FIG. 6 is a block diagram showing an example of the motion vector detecting circuit 20. On the basis of the first motion vector detected by the first motion vector detection circuit 201,
By using a two-stage configuration in which the second motion vector detection circuit 202 further performs motion vector detection, it is possible to perform motion vector detection in a wider range.
The switch 204 makes it possible to forcibly set the motion vector to zero by turning it off. Generally, a motion vector of an image has a high correlation between consecutive frames. Therefore, a motion vector detected in a previous frame is stored in the motion vector storage circuit 203, and
In the next frame, if the reference motion vector of the first motion vector detection circuit 201 is used, the search range is apparently widened, and it is possible to detect a motion vector with higher correlation.
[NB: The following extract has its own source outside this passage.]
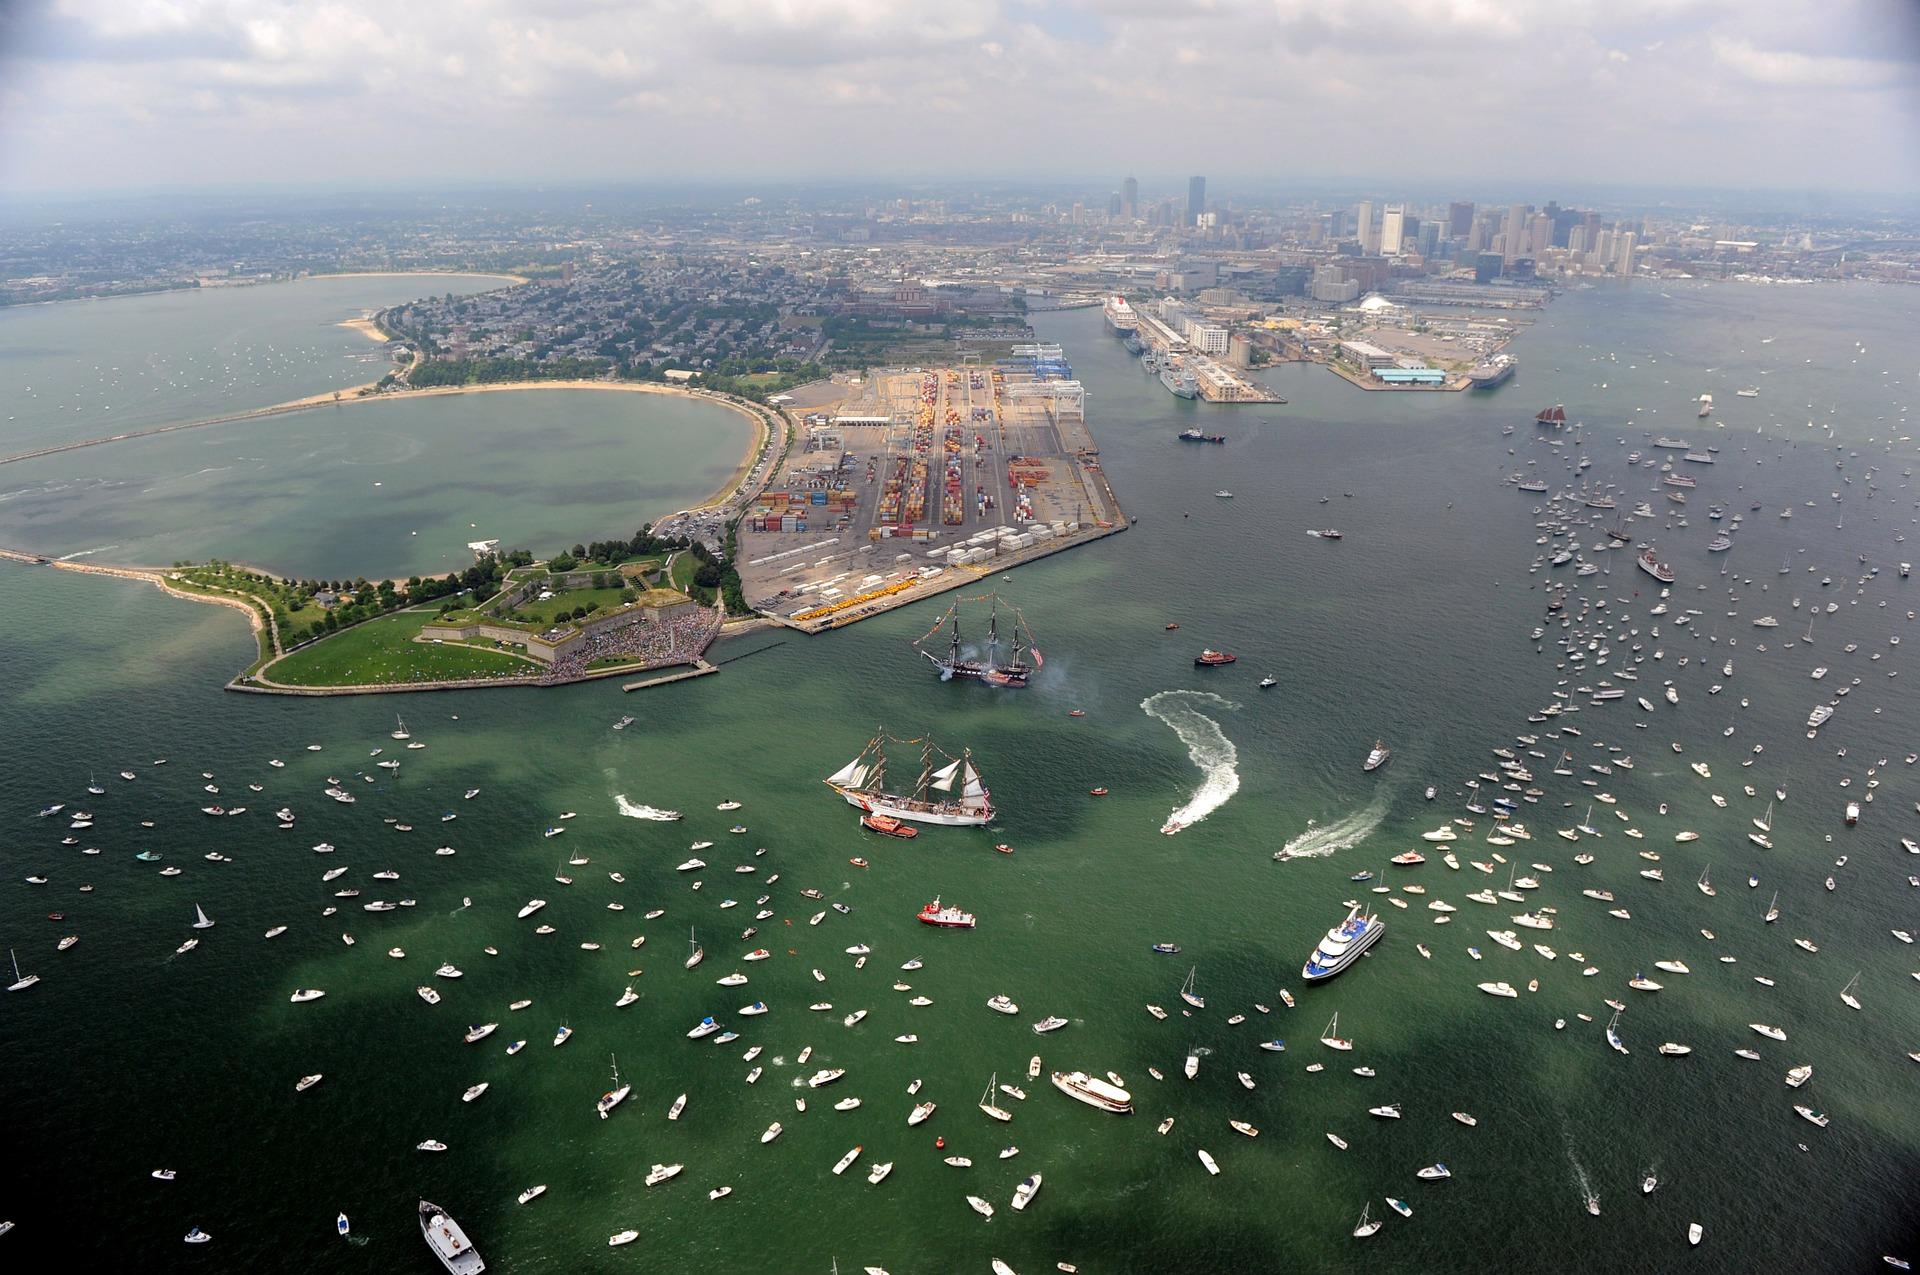 passeio de barco, boston, boston cruise, boston harbor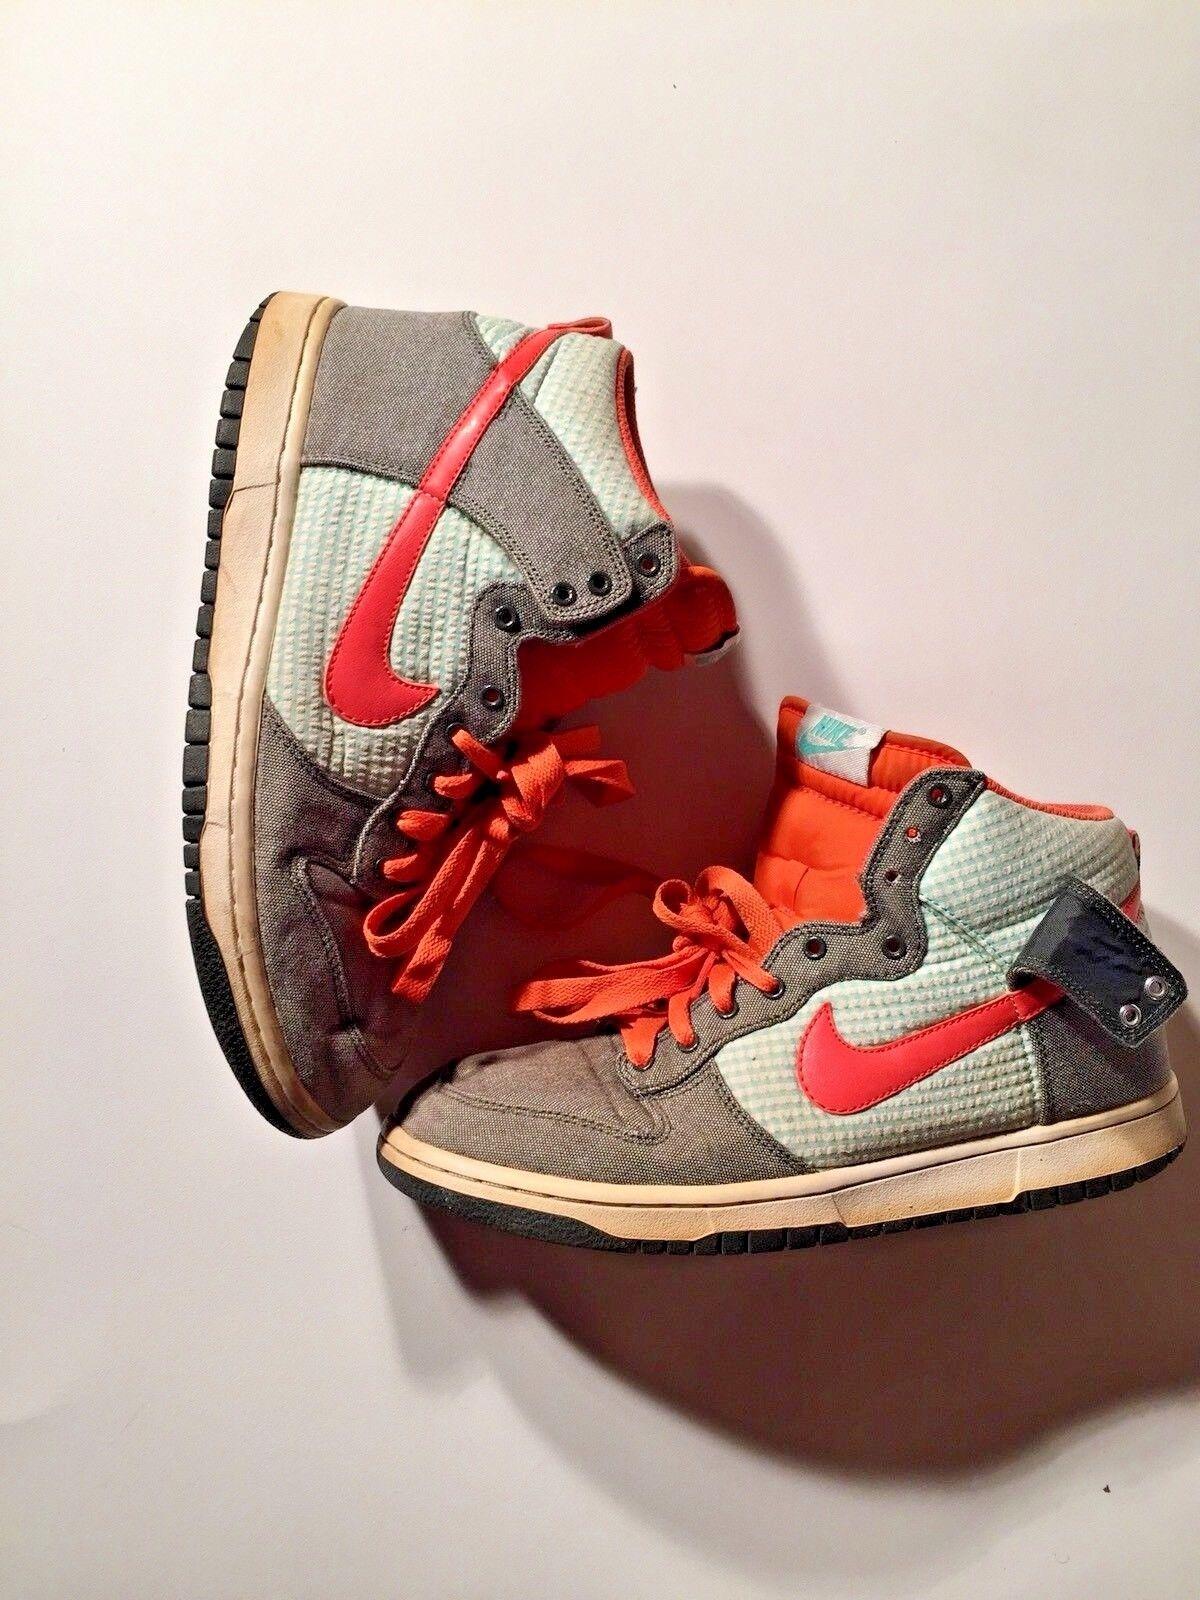 Men's Nike 009 Nike Men's Dunk High Top Dark Army Orange Blaze Mint SB Sz 9 344648-300 S53 8fa1eb

When the switch 205 is turned off, use of the reference motion vector can be prohibited.

Also, the first motion vector detecting circuit 201
, A sub-sample of the input and reference images is performed, a first motion vector is detected in a wide range for this sub-sample image, and a second motion vector detection circuit 20
In No. 2, by performing the motion vector detection in detail based on the first motion vector, the motion vector can be detected in a wider range.

In the coding / compression apparatus having the above configuration,
The operator can change the motion vector detection condition in a section where a sufficiently satisfactory image quality cannot be obtained in the first coding, and perform the second coding on the section.

The editing process according to the fourth embodiment will be described. For example, in the case of a rapidly moving image, the first motion vector detection circuit 201 uses the motion vector detected in the previous frame as a reference motion vector, and further uses a sub-sampled image as an input and reference image. If specified, motion vectors can be detected from a wide search range. Conversely, in the case of an image with little motion, the first motion vector detection circuit specifies that the motion vector detected in the previous frame is not used and that no sub-sampling is performed. Although narrow, a highly accurate motion vector search becomes possible. Thus, the operator edits the motion vector detection conditions for a section in which sufficient image quality cannot be obtained by the automatic assignment, thereby reducing spatial and temporal redundancy in motion vector detection. Then, it becomes possible to perform optimal encoding.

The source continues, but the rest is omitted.